Goal 3 – Use mtDNA analysis to learn more about female mobility in the Empire. We’re also choosing mtDNA for this pilot phase specifically because it’s inherited from one’s mother. The mobility of females is a popular question in classics – many people think that women weren’t often taken as slaves and that they didn’t have the freedom to move like men did. My recent EAA paper compared Sr/O data from M1s and M3s of female immigrants to Rome; I found that women did move, and that some moved multiple times during their lives. Another interesting question that this DNA project will start to answer is about genetic diversity among males and females. The Roman family was often neolocal in residence (the nuclear family lived separately) but patrilocal in burial (people were buried with their father’s/father-in-law’s family). In a Roman burial context, we might expect more genetic diversity in females who were marrying into a family. But more men moved around the Empire because of the military and slavery, so a cemetery population may have more diversity in males, especially if the cemetery was specifically for slaves. Eventually, it would be great to do some Y-DNA testing, to look into the genetic diversity of males as well. But the mtDNA will give us a good head-start on answering questions of sex-specific mobility.
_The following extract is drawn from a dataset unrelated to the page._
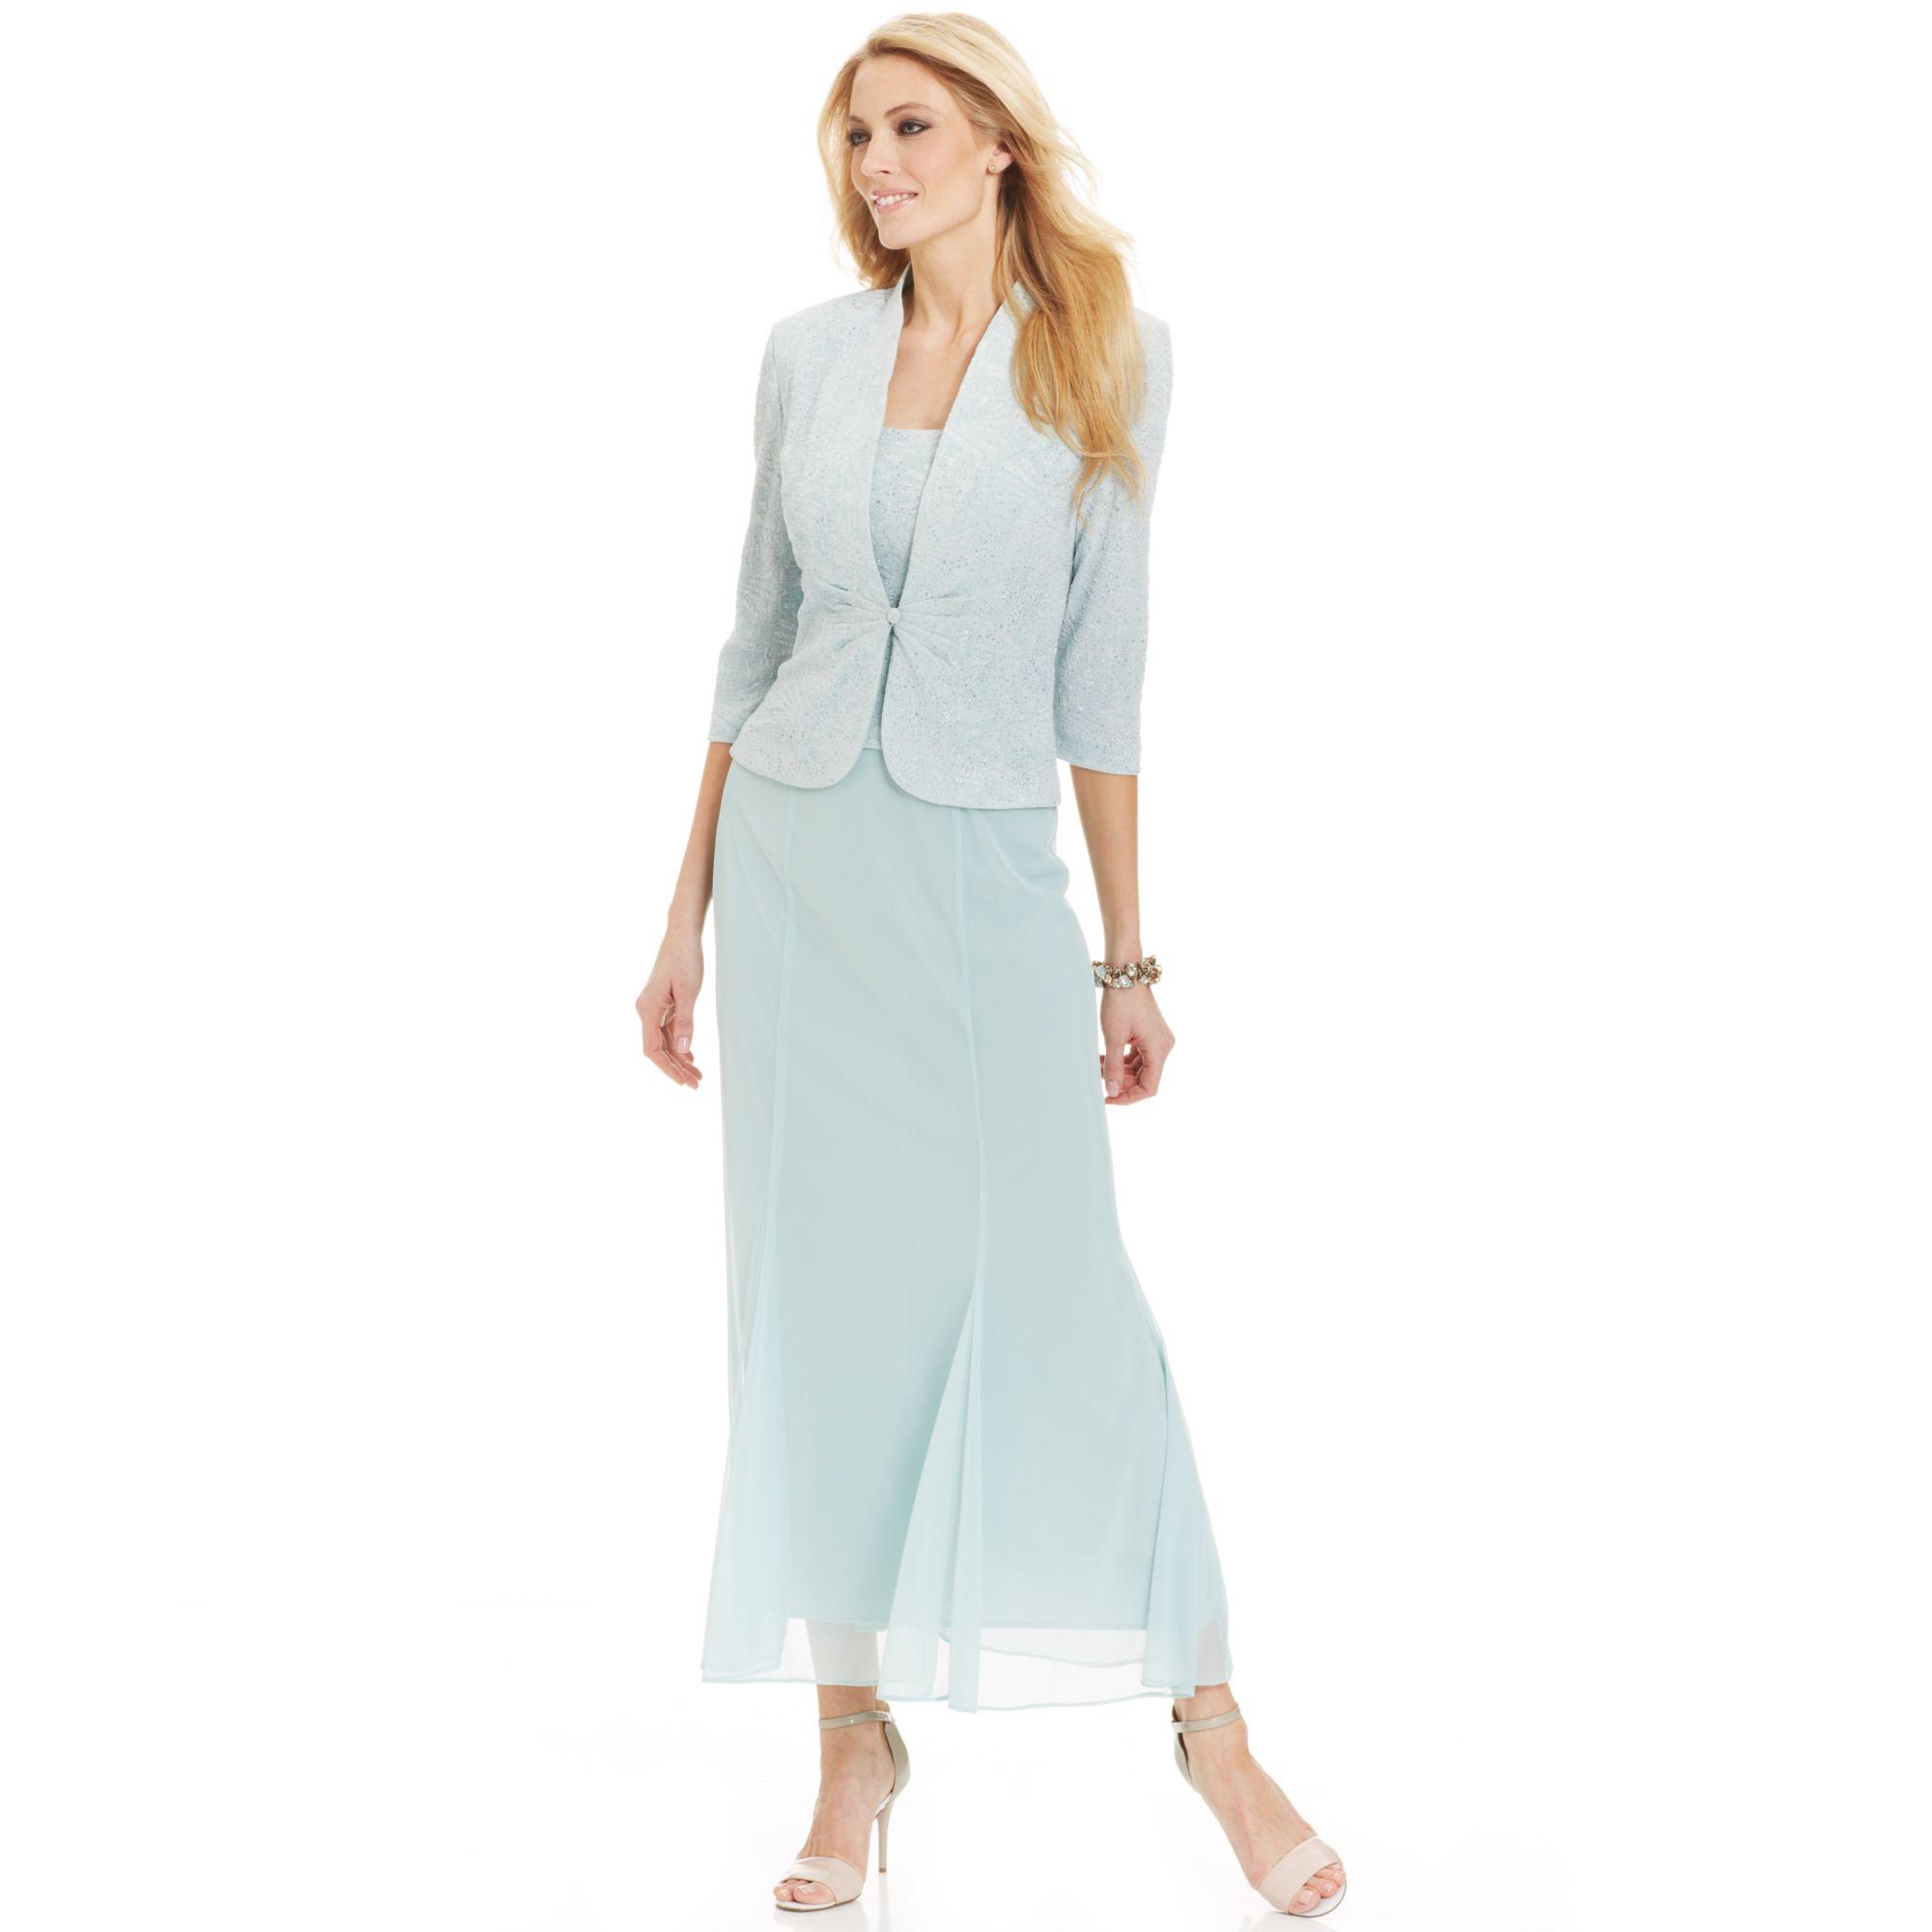 Jacquard-patterned dress - Natural white - Ladies | H&M IE
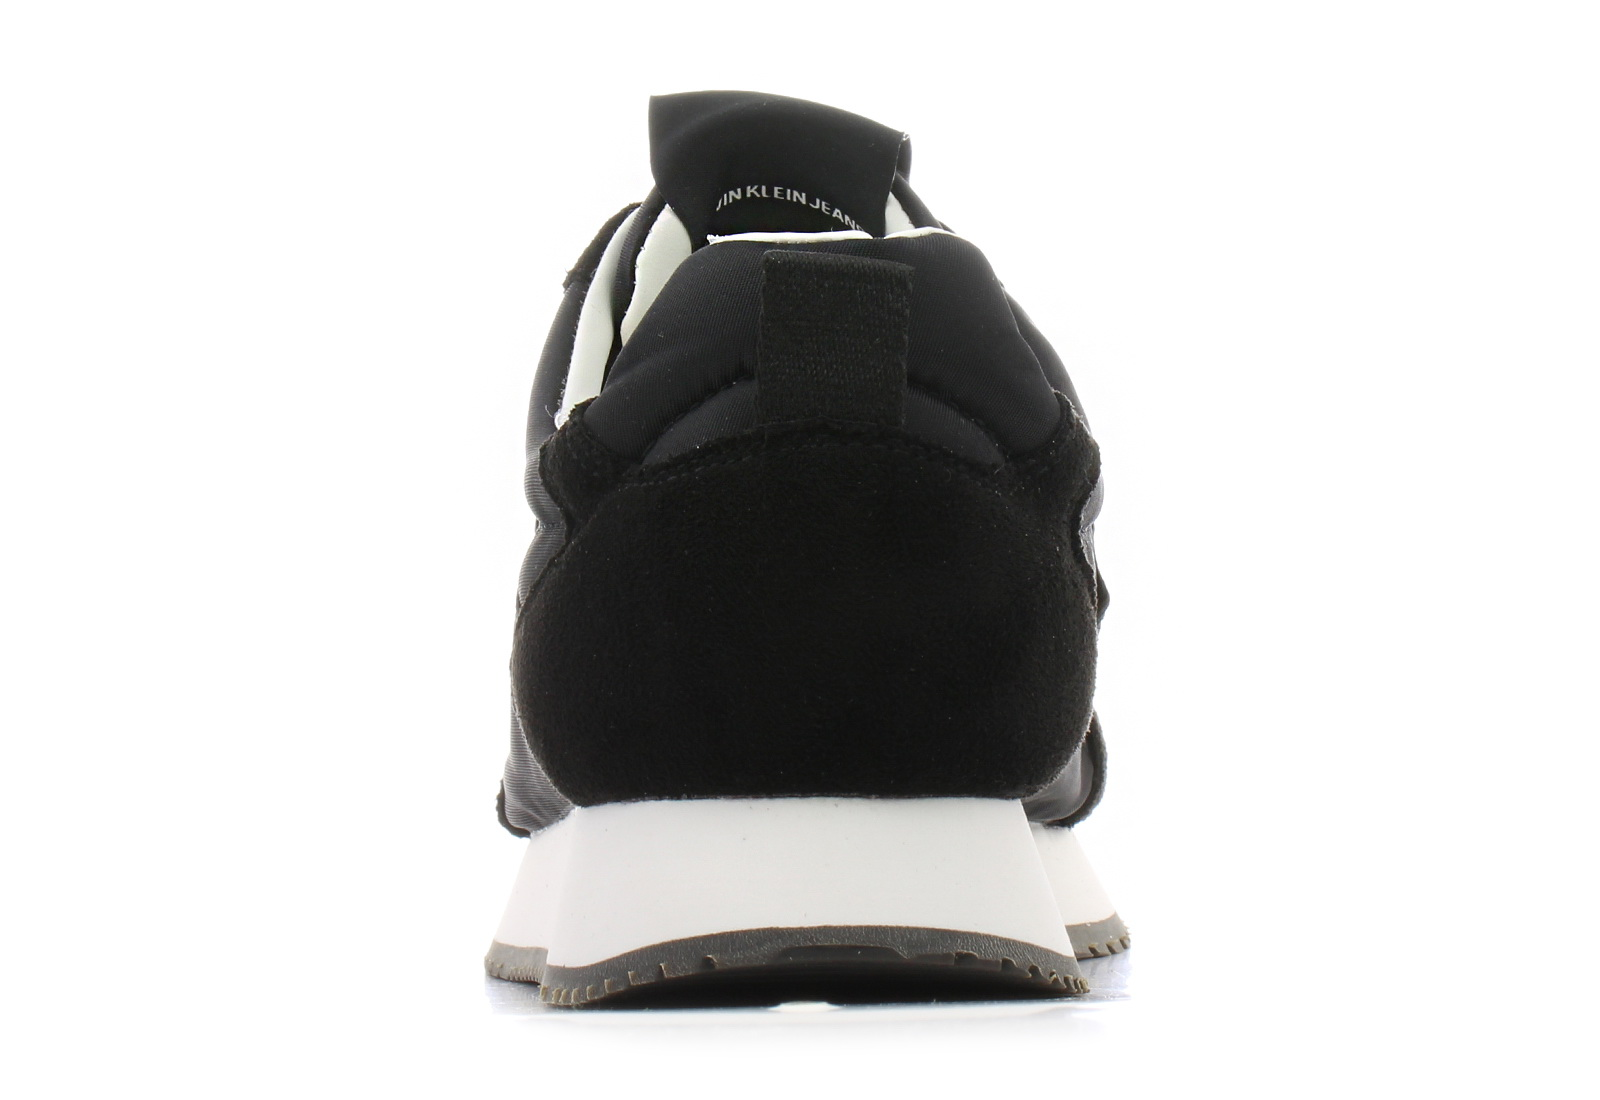 Calvin Klein Jeans Cipő - Jerrold - S0581-blk - Office Shoes ... 91ebaf4ce5

Future Goal – Use DNA, isotope, and palaeopathological analysis to answer questions about disease ecology. Malaria has long been a topic of interest to classicists; some DNA work has been done in the past (see, for example, Sallares’ 2002 book Malaria and Rome) and shows that it’s possible to identify P. falciparum, the organism that causes malaria, within a skeleton. DNA analysis, though, could also let me look for genetic anemias like thalassemia, sickle-cell, and G6PD, which confer some protection from malaria and were likely common in the Mediterranean. Interestingly, I recently charted the oxgyen isotope ratios for people with and without porotic hyperostosis, a bone pathology resulting from anemia, and there is a statistical correlation between high oxygen ratios and presence of porotic hyperostosis. Higher oxygen ratios mean warmer climates, and may also mean geographical areas with higher (or different) parasite loads. There’s definitely promise in looking at the disease ecology of Rome/Italy at a molecular level, so I’m hoping that we successfully extract DNA in this pilot phase.